Not a question a lot of people ask, but it’s an important one. As an investor, if you buy a bond from your advisor or discount broker you see the price you are offered, but how far off is that from the price the brokerage paid to get it for you?
Bond desks can either be run as profit centres or not. When I was at ScotiaMcLeod and I wanted to buy a bond for a client, I would call up the bond desk downtown and get the price for what was in inventory and it was nice to know that our bond desk was NOT run as a profit centre. Ultimately it means the client gets a better price and therefore a better return on their money.
Some bond desks, however, are run as profit centres which means that the bond traders have to take their cut and management expects them to generate revenue for the firm as well as providing inventory to the salesforce (the advisors buying and selling bonds for clients). This revenue ultimately comes out of the end investor’s pocket.
An investor who uses a brokerage whose bond desk is run as a profit centre might get a bond at 95 whereas that identical bond sold through a brokerage whose bond desk is not run as a profit centre would get that bond at a price less than 95. This is independent of the commission paid to the advisor which is a separate consideration.

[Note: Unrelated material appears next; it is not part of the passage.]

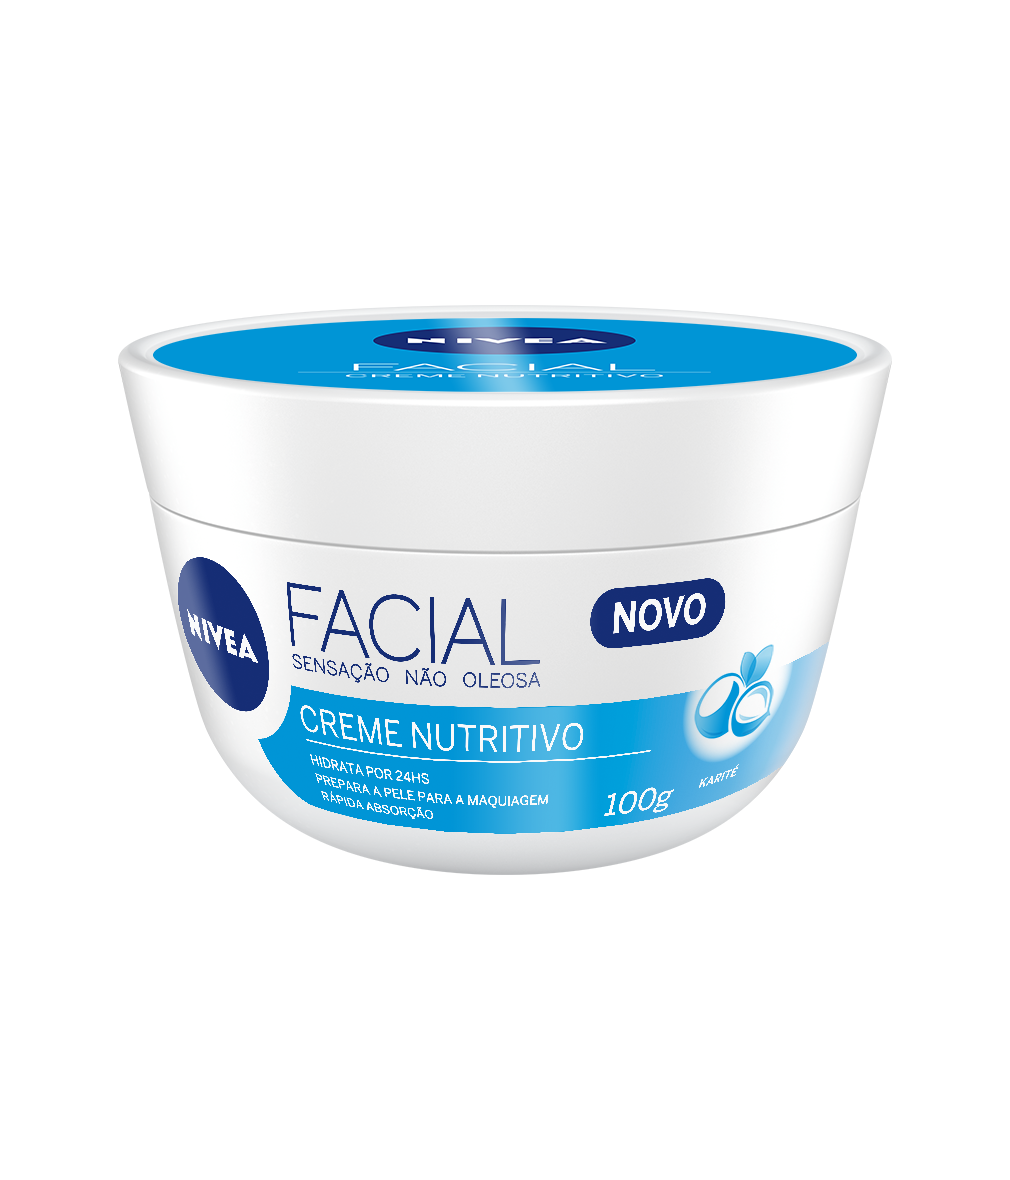 Nivea Facial Creme Nutritivo- 100G

I’m going to guess that this is not a question that many people think to ask a potential new advisor, but I think it is an important one.
Chris
If I ask this question to an advisor, how likely is he to know the answer?
Preet
They may not know the answer off-hand, but they should be able to get you an answer within a day (their branch manager will know). I would say that if they do know off-hand, they are probably sharper than average, but if they don’t know off-hand it doesn’t necessarily mean they are below average as it is not something that gets discussed often.
dj
Poor Bond traders at TDW become Investment Advisers and good bond traders at RBC become Hedge fund managers.
iGuru
I stumbled onto this post when I was googling something else and couldn’t resist commenting since I’ve read your blog before.
Just because Scotia’s bond desk is run as cost centre, doesn’t mean that the pricing is better than a firm whose retail desk is a profit centre. I have dealt with many retail desks on the street and am well versed in their function.
The odds are that the same amount of spread is taken, regardless of the desk setup. The only thing that changes is who gets the spread. Is it 100% institutional, 100% retail, or a split.
It is also easier for an investment advisor to negotiate better pricing on a profit centre desk and the desk is capable of being more accommodating with bidding back product or correcting errors.
Preet
Thanks iGuru, further to that a bond desk that is run as a profit centre might be more competitive as they may be more aggressive on pricing as they have a vested interest in doing so. If a cost centre just cares about providing inventory they may sacrifice price in order to do so since they do not have a vested interested in the pricing.